Your task >> Please restate the data below word for word, omitting all images.

Data section >>

※

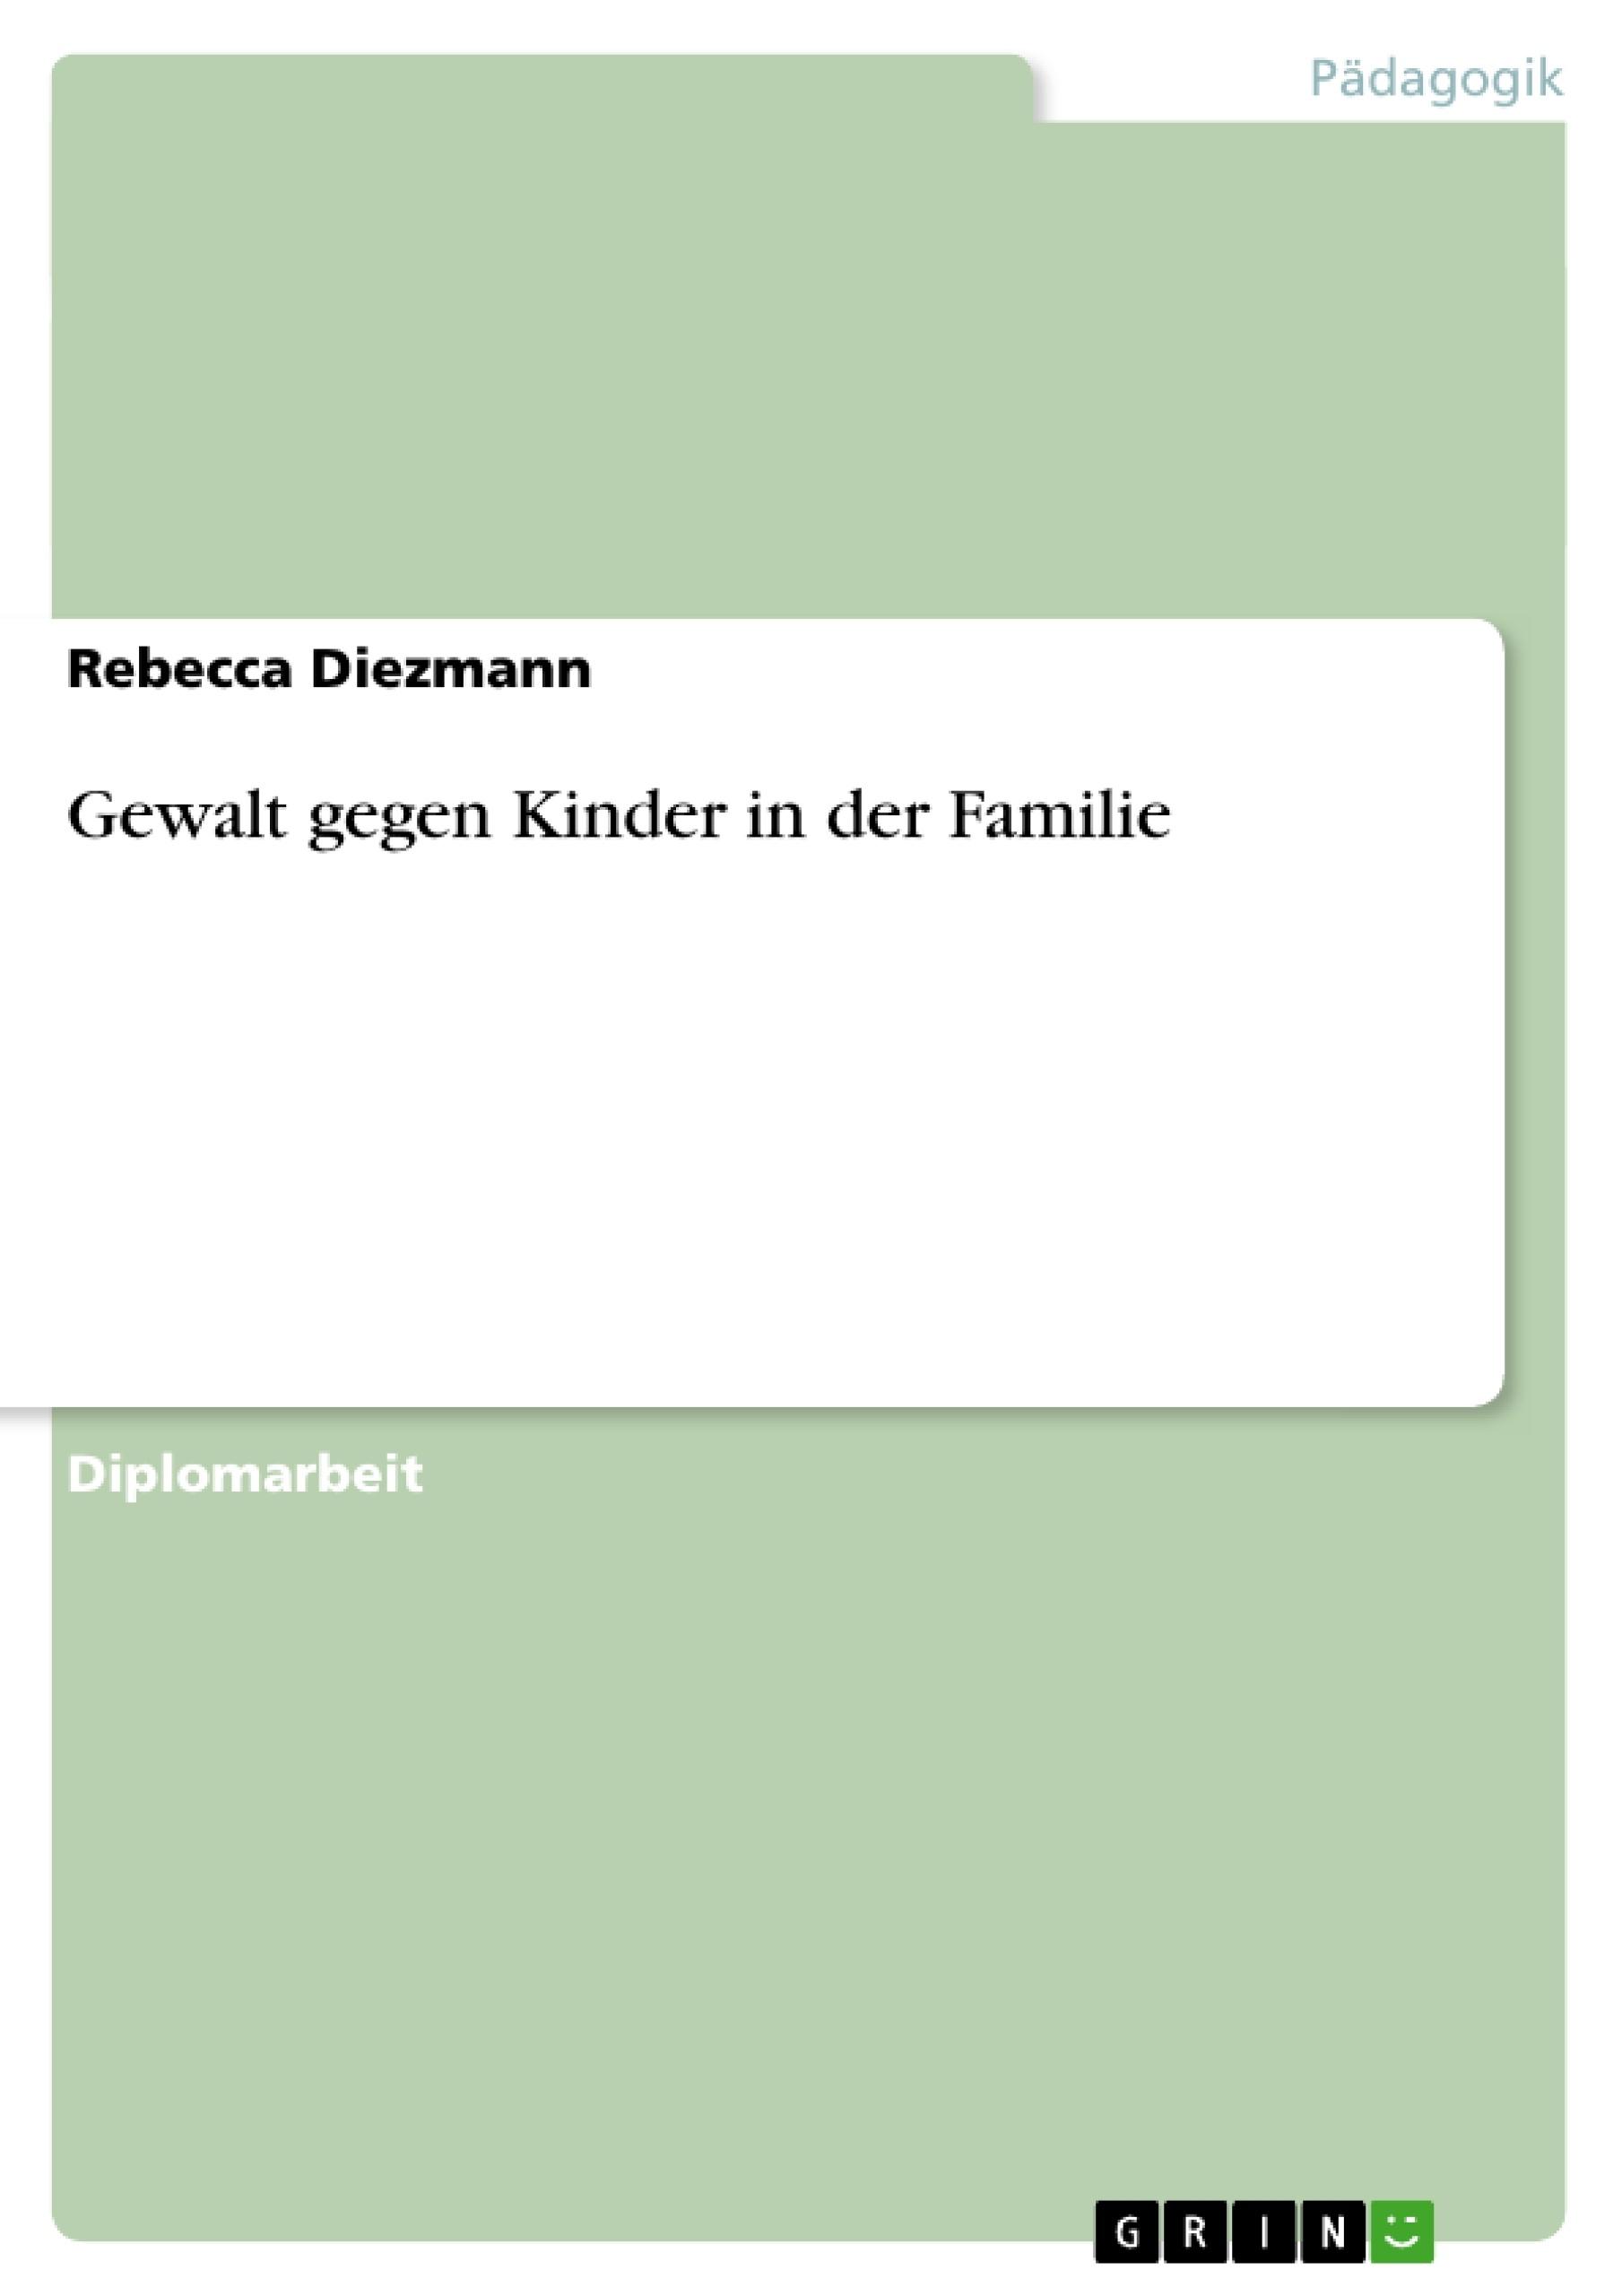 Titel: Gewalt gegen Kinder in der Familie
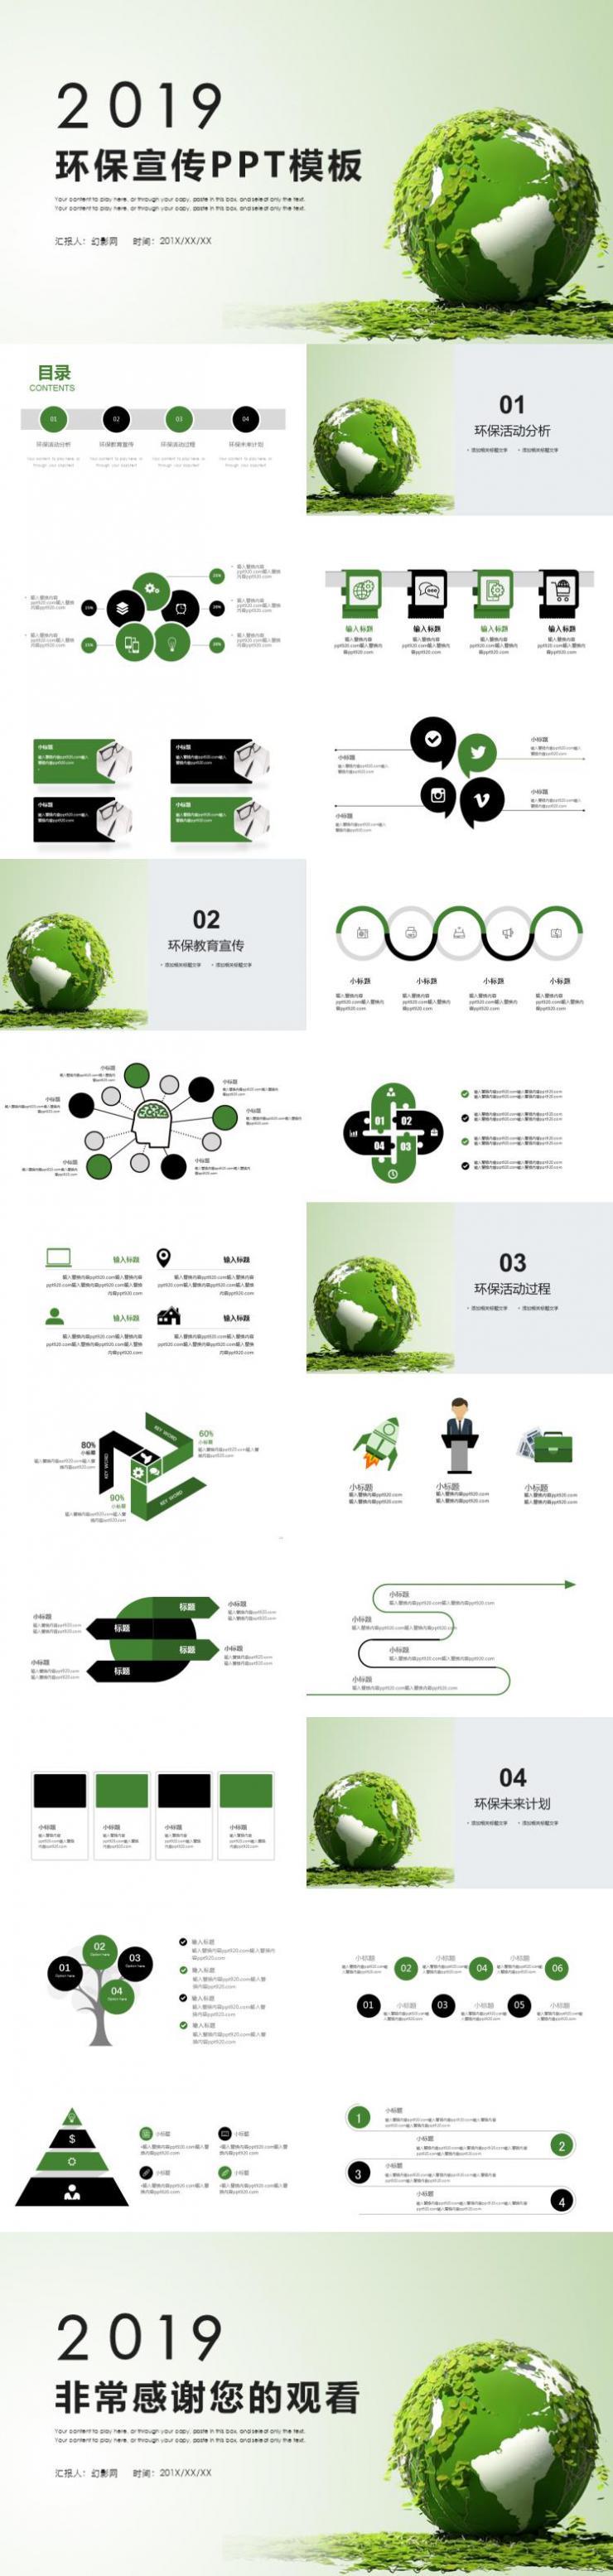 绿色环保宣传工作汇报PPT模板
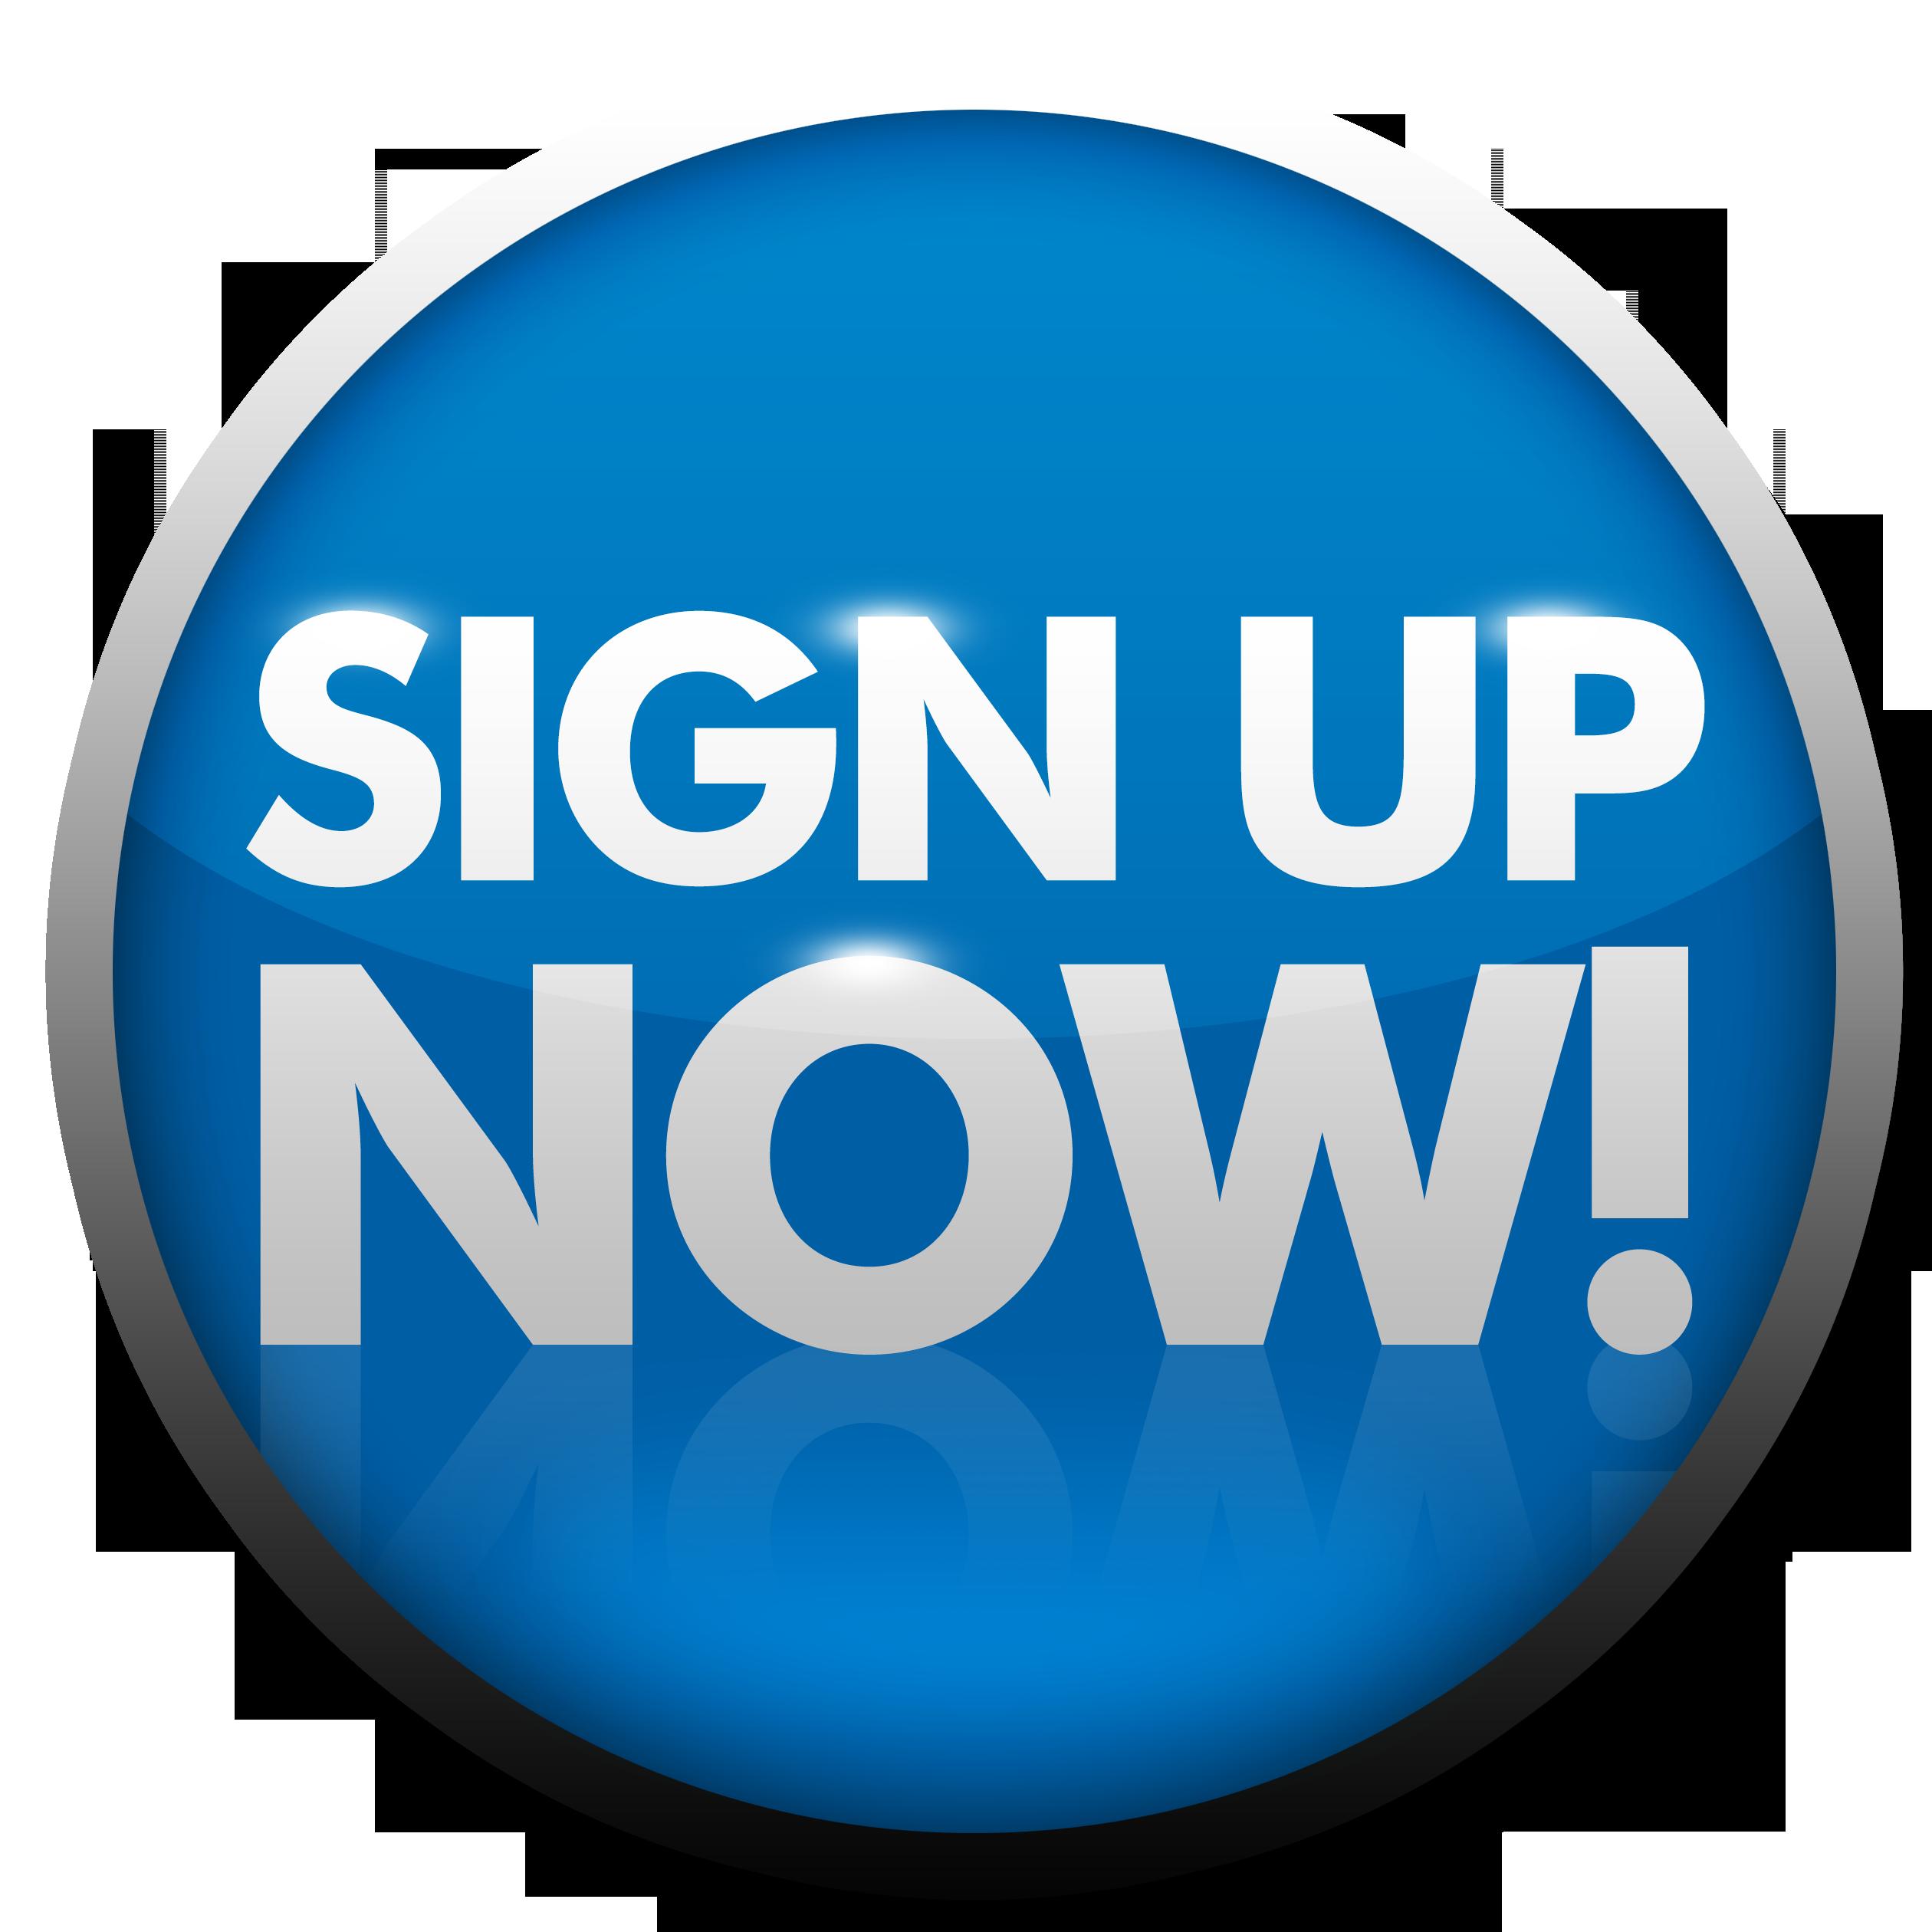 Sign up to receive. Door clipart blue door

※

Reply >>
 Titel: Gewalt gegen Kinder in der Familie
 绿色环保宣传工作汇报PPT模板
 Sign up to receive. Door clipart blue door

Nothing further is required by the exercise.